Lefever was charged last November after a state police investigation found she had sold four retired racehorses to an individual contracted by a slaughter plant in Quebec after having promised the horses' previous owners she would retrain the horses and find them new homes, according to police documents.
One of the owners, Kevin Patterson, told an investigator that he gave his racehorse, a five-year-old thoroughbred named Beau Jaques, to Lefever with the understanding that the horse - which had suffered a career-ending injury - would be rehabilitated and placed for adoption. He also gave her $200 and 10 bags of feed to help care for the horse until it had a permanent home.
Lefever, who promoted herself at racetracks as a horse rescuer, assured Patterson that she never sent horses to slaughter, authorities said. They said Patterson later learned that Beau Jaques had been sold to a "kill buyer" outside the New Holland auction in Lancaster County.
When a woman who was supposed to adopt Beau Jaques told Lefever that Patterson was looking for the horse, Lefever told her, "Those crazy people don't have to look for their horse anymore because he is in a box in a freezer," according to court documents.
On Tuesday, Patterson was in court and ready to testify for the prosecution when word came that Lefever had waived her right to the hearing. He declined comment as he left the courtroom.

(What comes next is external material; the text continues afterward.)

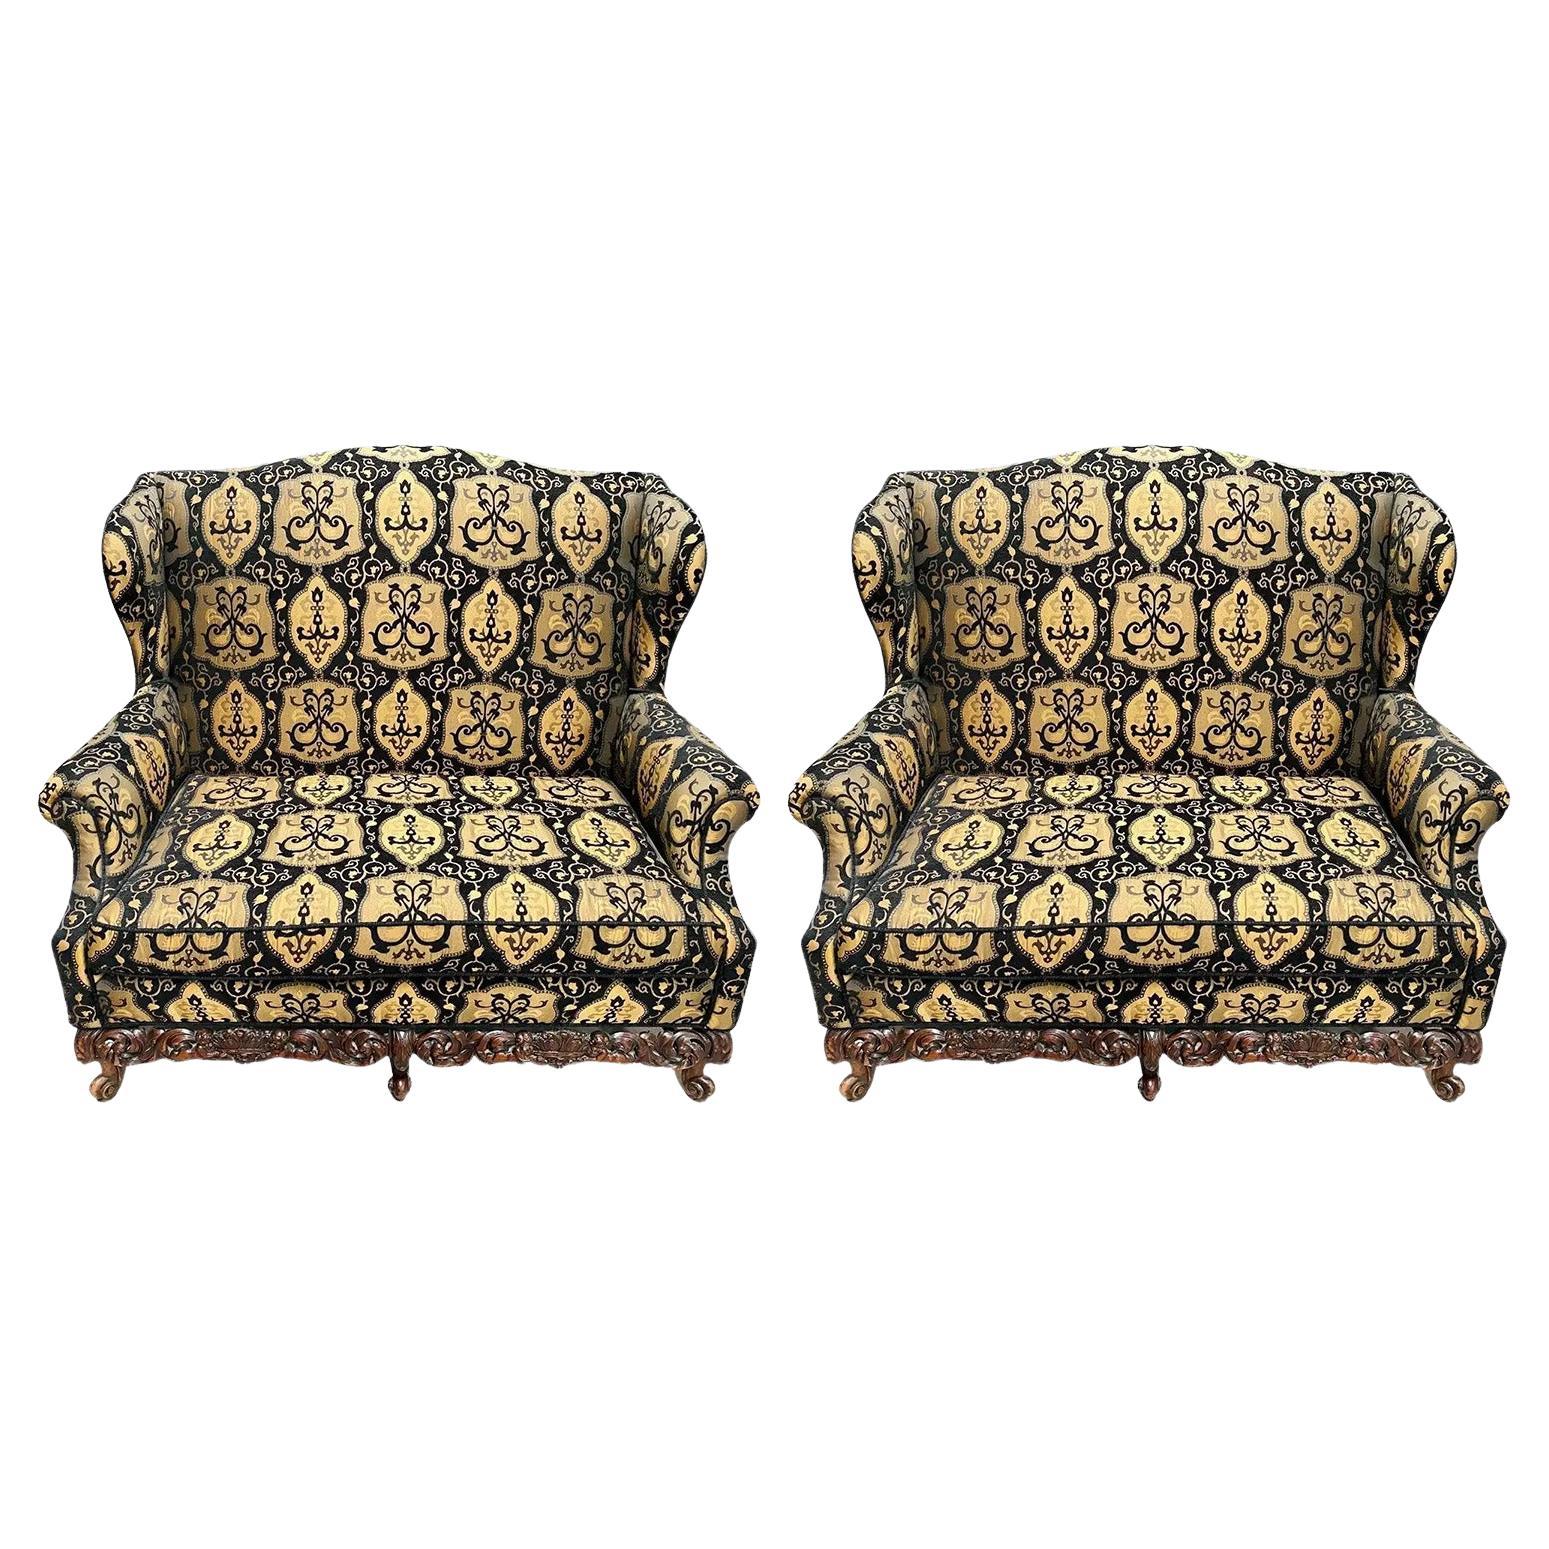 Italienisches Settee oder Sofa im Rokoko-Revival-Stil, schwarze und beige Polsterung, ein Paar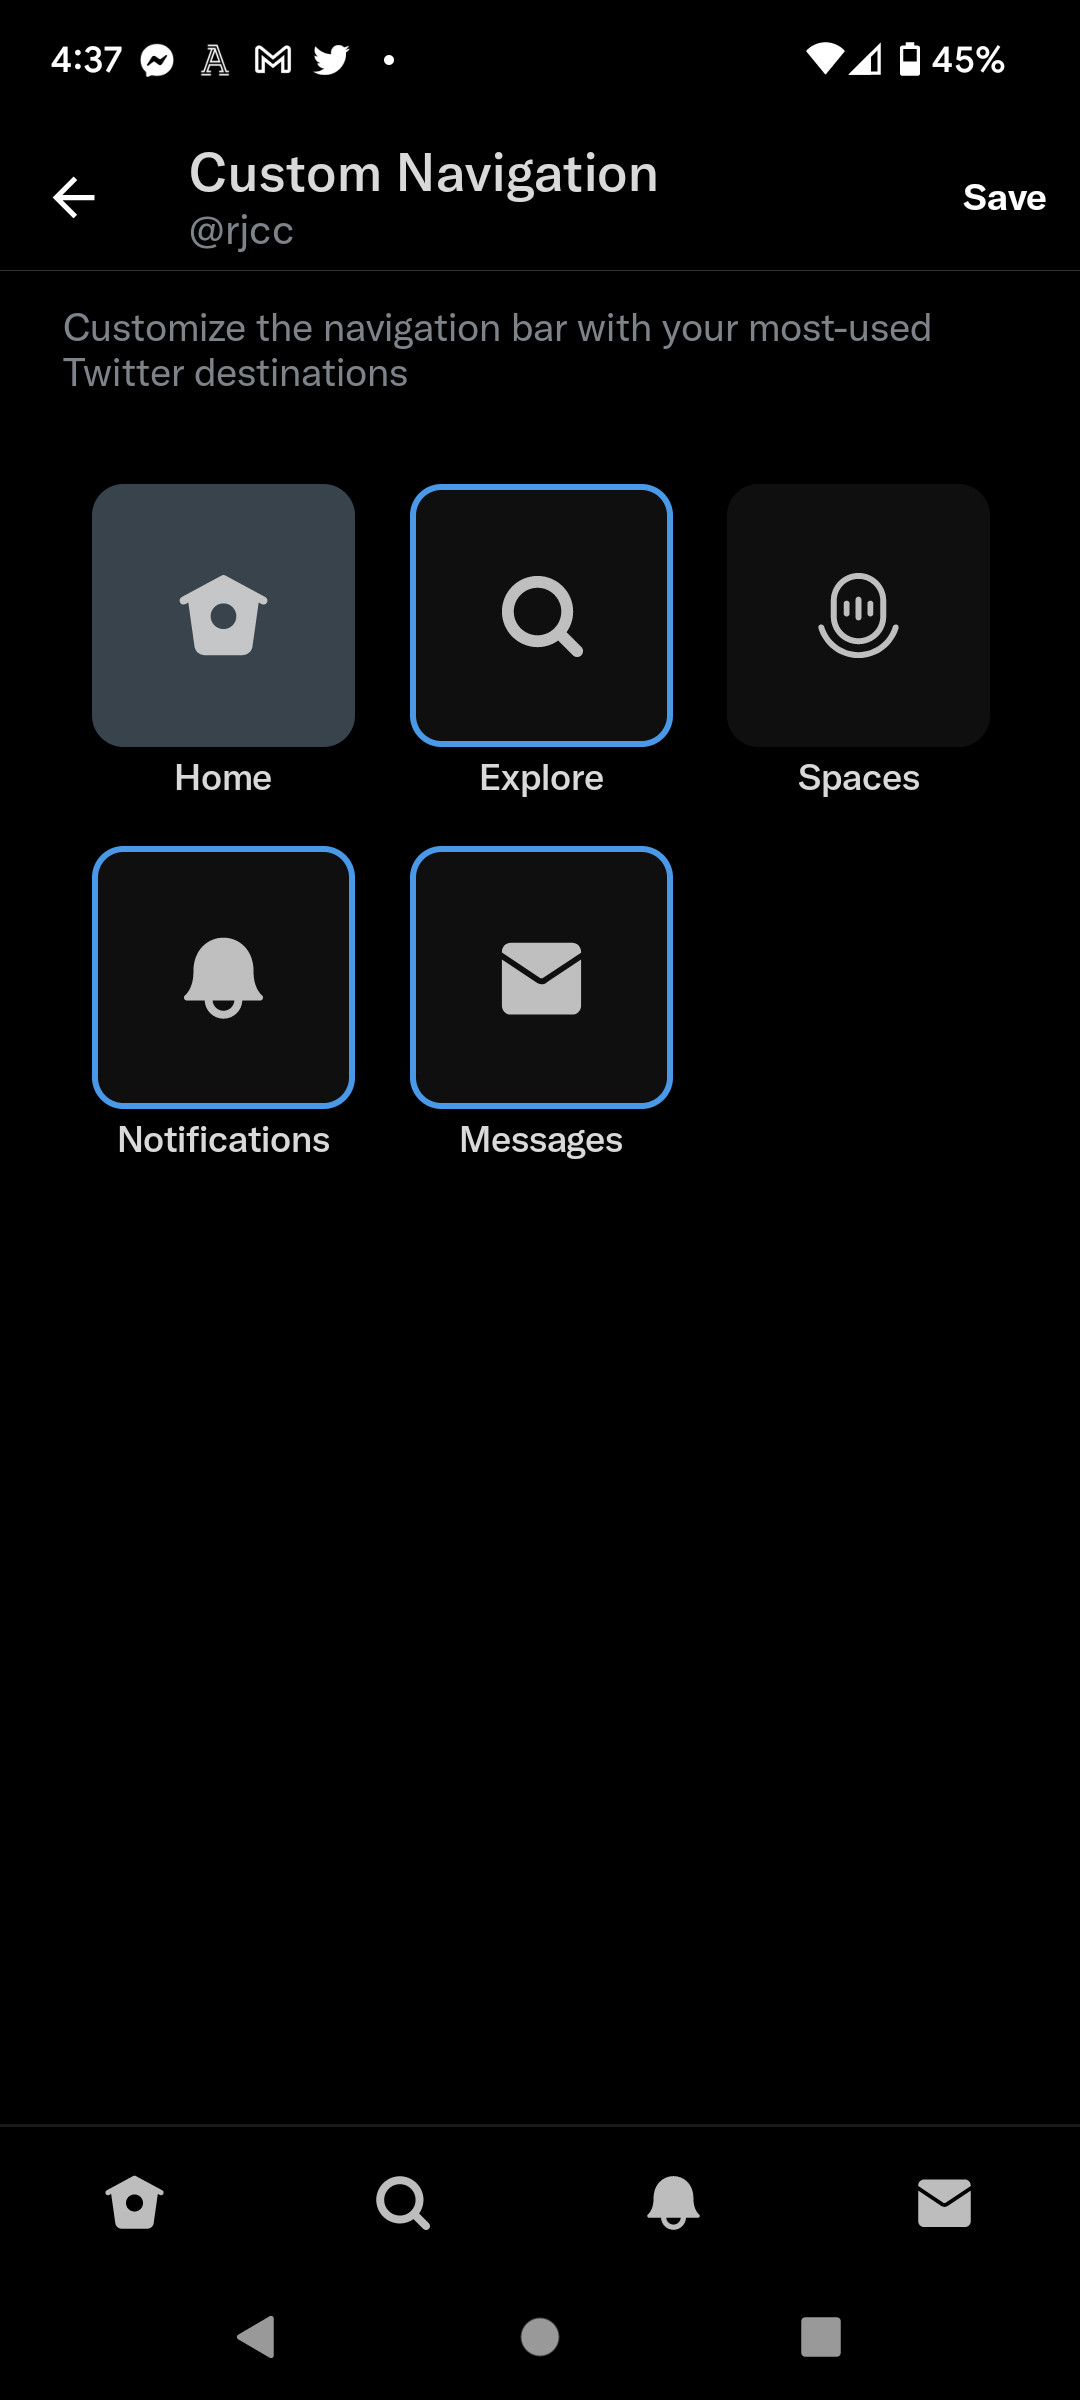 Android'deki Twitter Blue aboneleri artık Spaces sekmesini kaldırmak için ödeme yapabilir

Animal welfare advocates said the case shed light on a dark side of the horse racing industry, but they had hoped for stiffer penalties.
"We are glad this person will be banned from engaging in livelihood that she could not carry out without engaging in fraud," said Sarah Speed, Pennsylvania state director for the Humane Society of the United States. "But we would have liked to have seen a lifetime ban from horse ownership."